Gaffer is built for very large graphs.
It's designed to be as flexible, scalable and extensible as possible, allowing for rapid prototyping and transition to production systems.
- rapid query across very large numbers of entities and relationships,
- versatile query-time summarisation, filtering and transformation of data,
- in-database aggregation of rich statistical properties describing entities and relationships,
- scalable ingest at very high data rates and volumes,
- automated, rule-based data purge,
- fine grained data access and query execution controls.

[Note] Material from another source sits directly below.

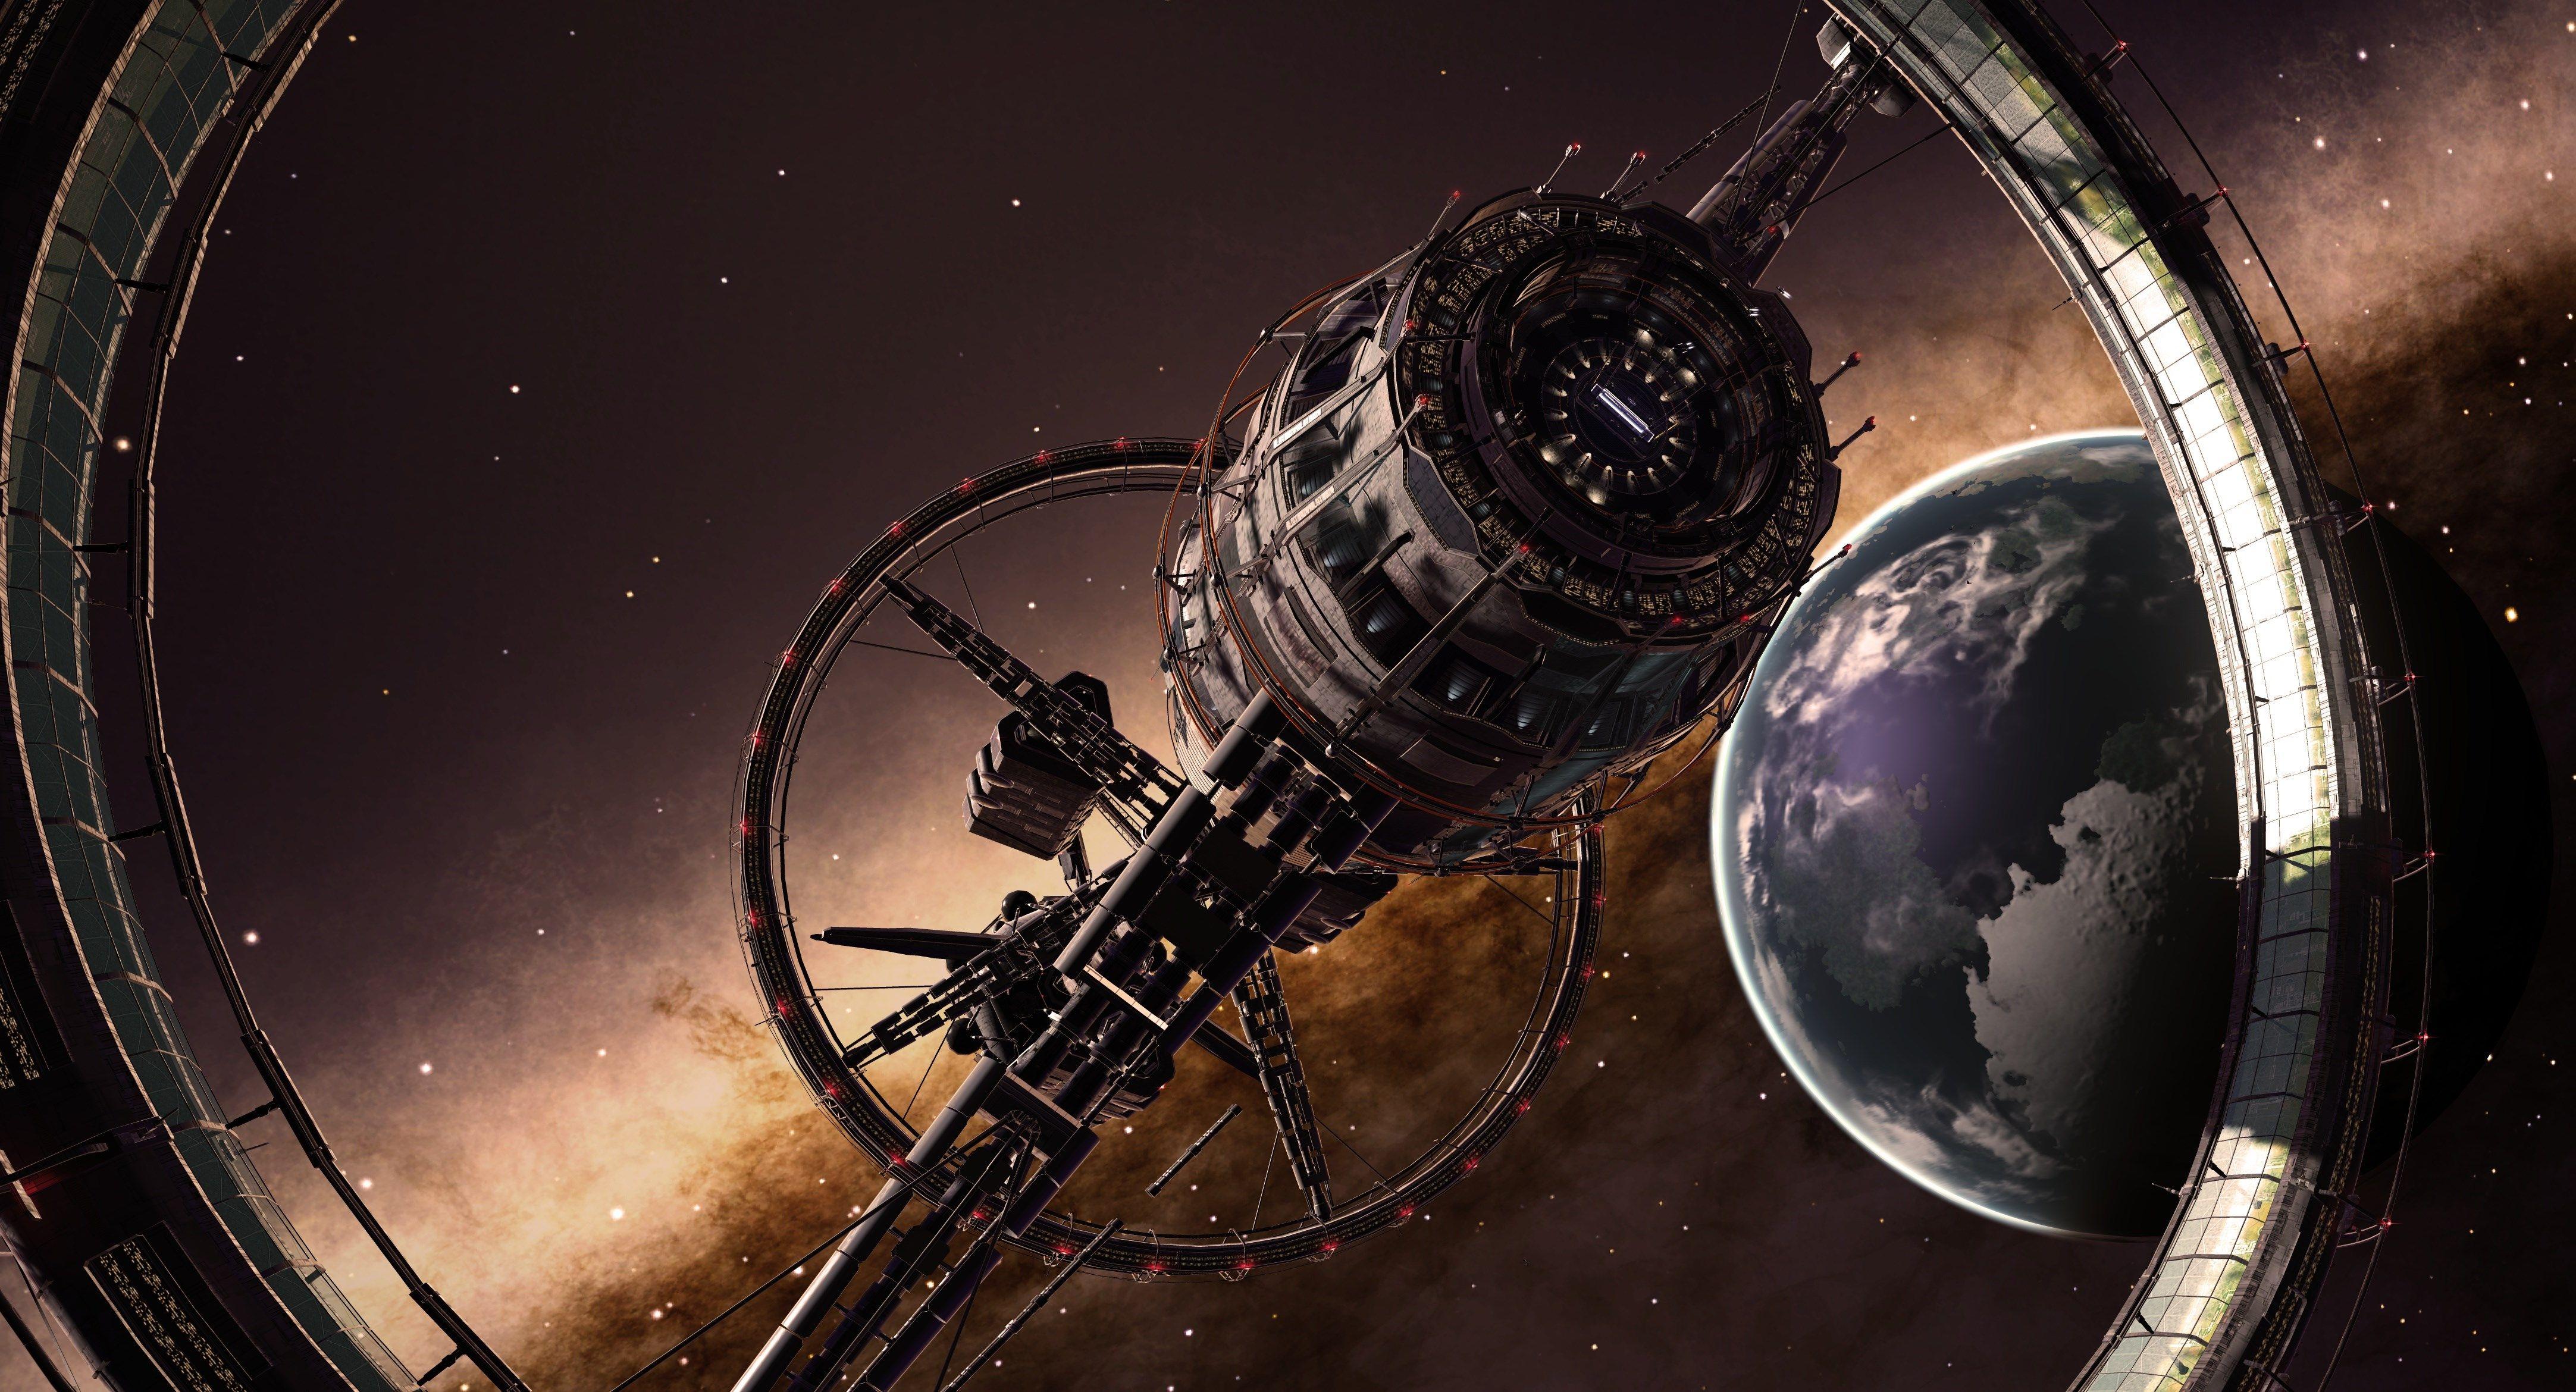 Best Elite Dangerous Backround Kenton Edwards 4330x2340 Art Wallpaper Science Fiction Fan Art

Gaffer can be run on various databases, including Accumulo and HBase. It is also integrated with Spark for fast and flexible data analysis.

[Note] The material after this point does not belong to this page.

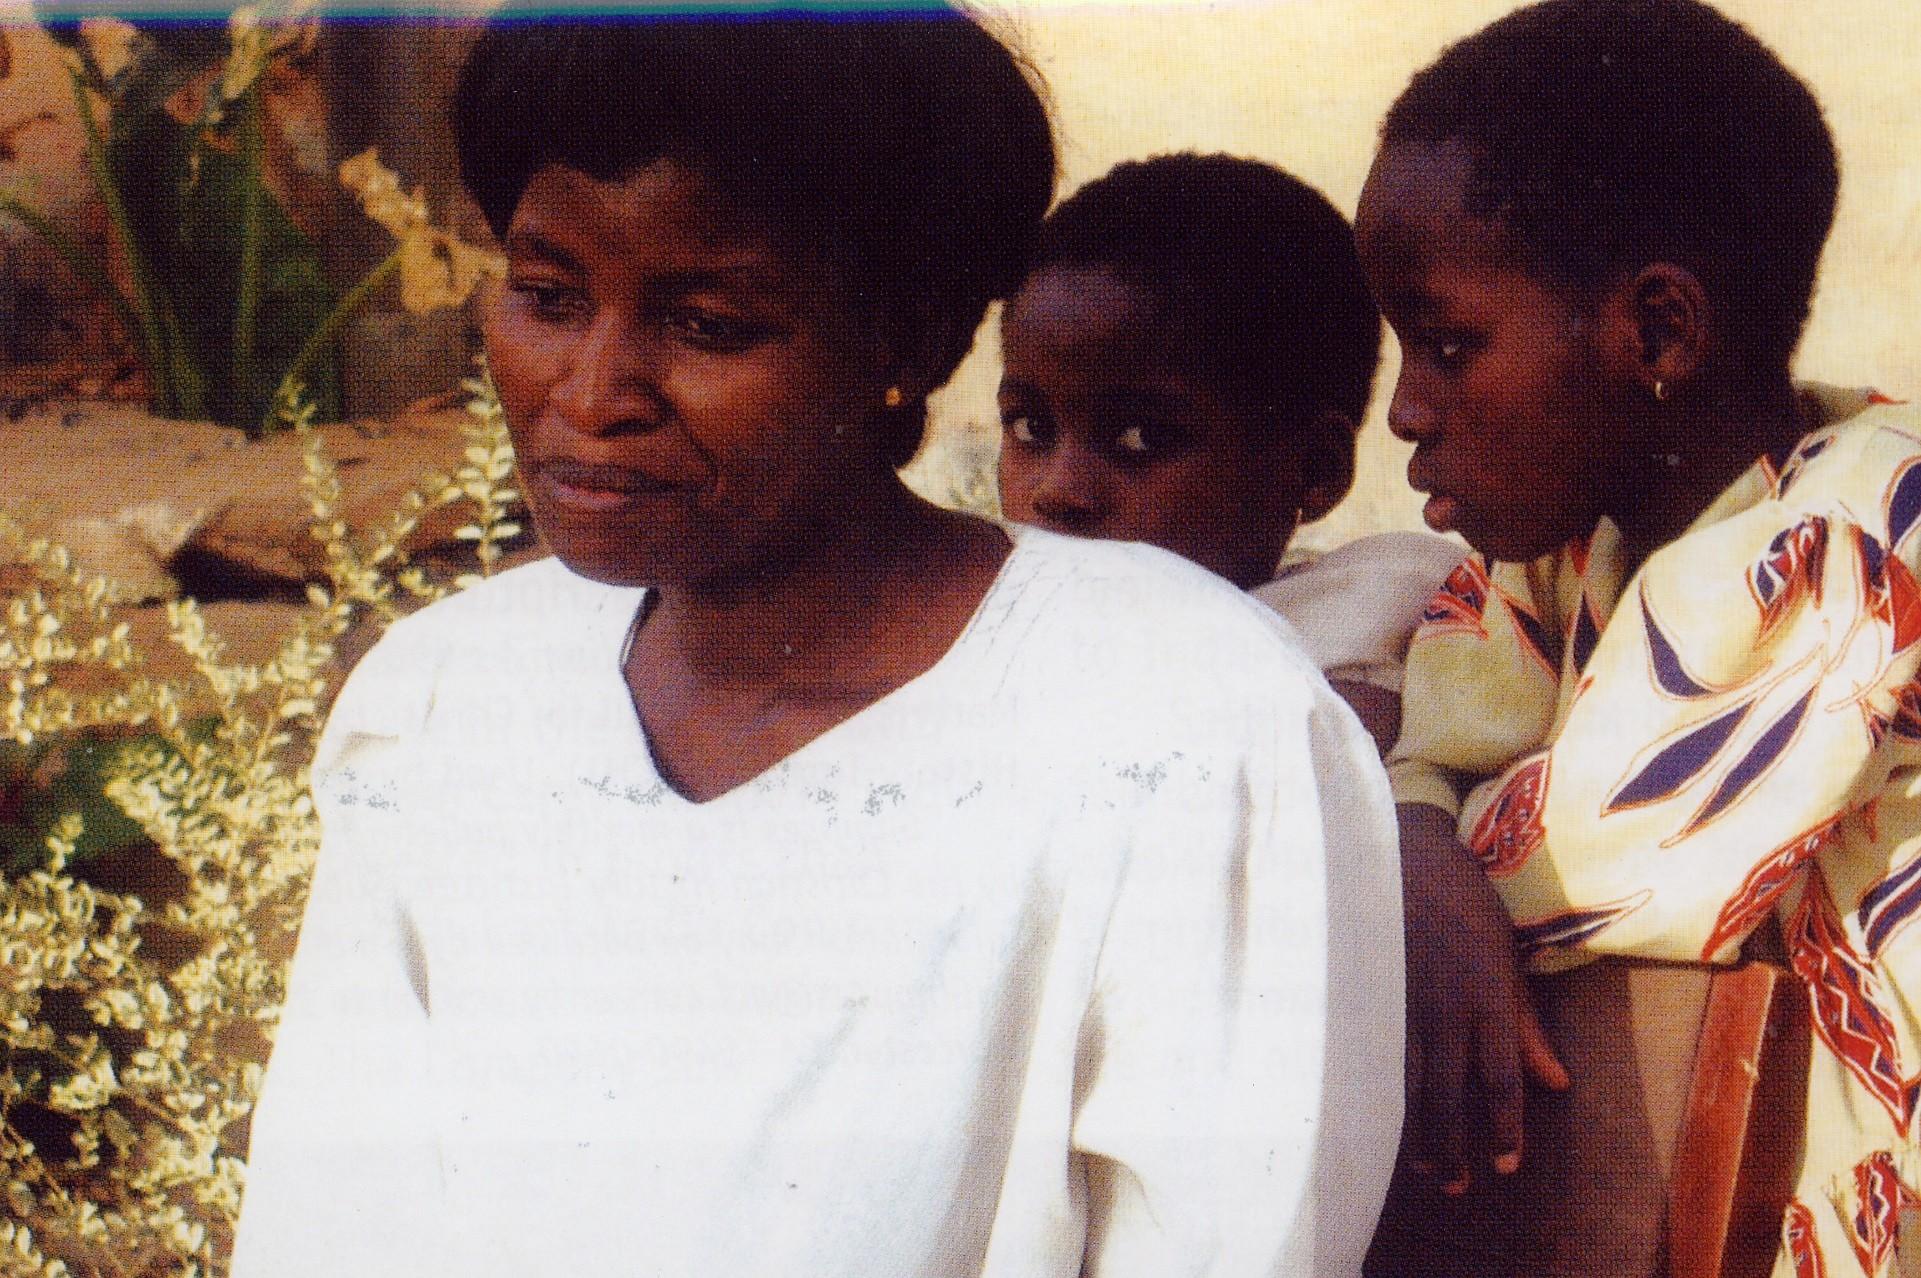 Otin tämän kuvan Rosesta ja hänen kahdesta lapsestaan heidän kotinsa ulkpuolella 2001. Vaikka hän ei tiennyt, miten huolehtisi perheestään, hän sanoi, 'Jumala on ollut uskollinen'. USA 11-2012

Gaffer allows you to take data, convert it into a graph, store it in a database and then run queries and analytics on it.
To do this you need to do a few things:
- Choose a database - called the Gaffer Store. We've provided a few for you and in the following examples we'll be using the MockAccumuloStore. The MockAccumuloStore behaves the same as the full AccumuloStore but means that you can run the code on your local machine in memory without having to have a full Accumulo cluster.
- Write a Schema. This is a JSON document that describes your graph and is made up of 2 parts:
- Elements Schema - the Elements (Edges and Entities) in your Graph; what classes represent your vertices (nodes), what Properties your Elements have and so on.
- Types Schema - list of all the types schema that are used in your elements schema. For each type it defines the java class and a list of validation functions, how they are aggregated and how they are serialised
- Write an ElementGenerator to convert your data into Gaffer Graph Element. We've provided some interfaces for you.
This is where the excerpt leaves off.